Advantages & Disadvantages
- Easy to implement
- PDP has causal interpretation - We intervene on a feature and measure the changes in predictions
- Maximum number of features for PDP is two
- Need to look at PDP along with data distribution, omititng the distribution can be misleading because we might overinterpret regions with almost no data
- Assumption of Independence - Unlikely values or impossible values
Accumulated Local Effects (ALE)
- Faster and unbiased alternative to PDP
- ALE calculate how the model predictions change in a small window of the feature around v for data instances in that window.

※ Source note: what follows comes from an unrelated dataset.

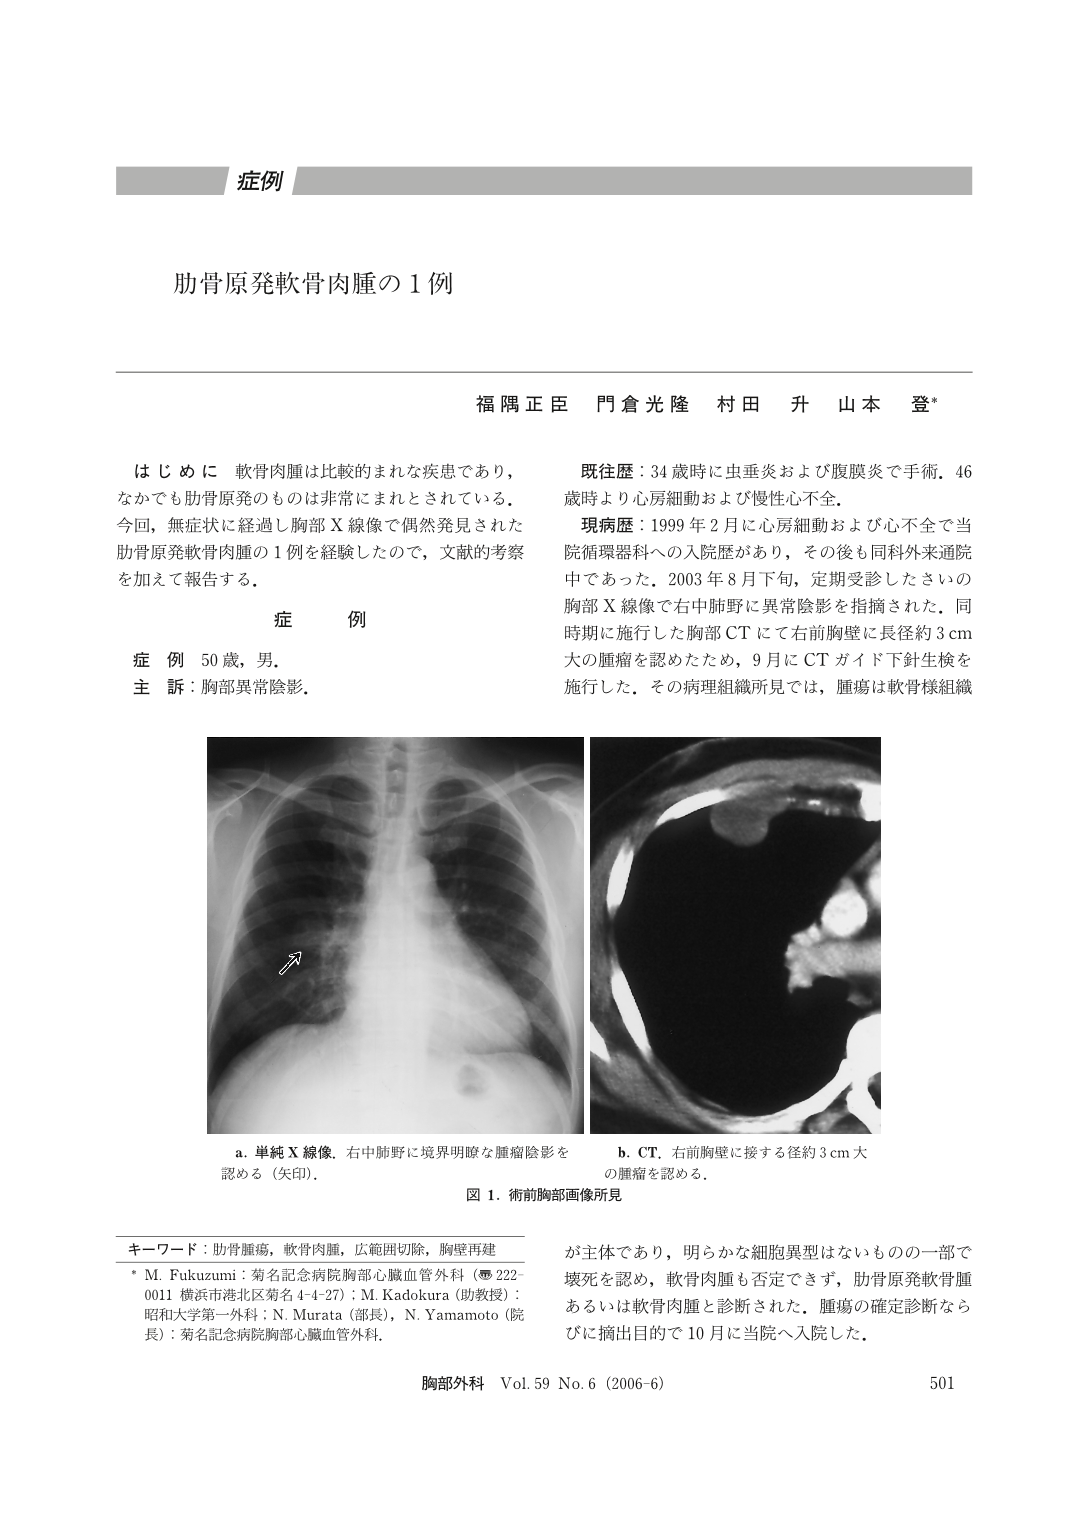 肋骨原発軟骨肉腫の1例 胸部外科 59巻6号 医書 Jp

- We average the changes of predictions, not predictions itself. We accumulate the average effects across all intervals. The effect is centered so that the mean effect is zero
- This method isolates the effect of the feature of interest and blocks the effect of correlated features
- The value of ALE can be interpreted as the main effect of the feature at a certain value compared to the average prediction of the data
- Quantiles of the feature are used as the grid that defines the intervals.
Advantages and disadvantages
- ALE plots are unbiased, work for correlated features
- Faster to compute
- Interpretation of ALE plots is clear: Conditional on a given value, the relative effect of changing the feature on the prediction can be read from the ALE plot. ALE plots are centered at zero. This makes their interpretation nice, because the value at each point of the ALE curve is the difference to the mean prediction. The 2D ALE plot only shows the interaction: If two features do not interact, the plot shows nothing.
- Entire prediction function can be decomposed into a sum of lower-dimensional ALE functions
- ALE plots can become a bit shaky (many small ups and downs) with a high number of intervals
- Unlike PDPs, ALE plots are not accompanied by ICE curves
- Implementation of ALE plots are much more complex and interpretation remains difficult when features are strongly correlated.
- As a rule of thumb use ALE instead of PDP
Feature Interaction
- The interaction between two features is the change in the prediction that occurs by varying the features after considering the individual feature effects.
- H-Statistic - One way to estimate the interaction strength is to measure how much of the variation of the prediction depends on the interaction of the features
- We measure the difference between the observed partial depedence function and the decomposed one without interactions. We calculate teh variance of the output. The amount of variance explained by the interaction is used as interaction strength statistic. The statistic is 0 if there is no interaction at all and 1 if all of the variance is explained.
Advantages and Disadvantages
Backed by underlying theory, meaningful interpretation (share of variance explained by interaction), comparable across features and models
Computationally expensive, results can be unstable in case of sampling, H-statistic can be greater than 1
It does not tell how the interaction look like. Measure the interaction strength and then create a 2D PDP plot for the interactions.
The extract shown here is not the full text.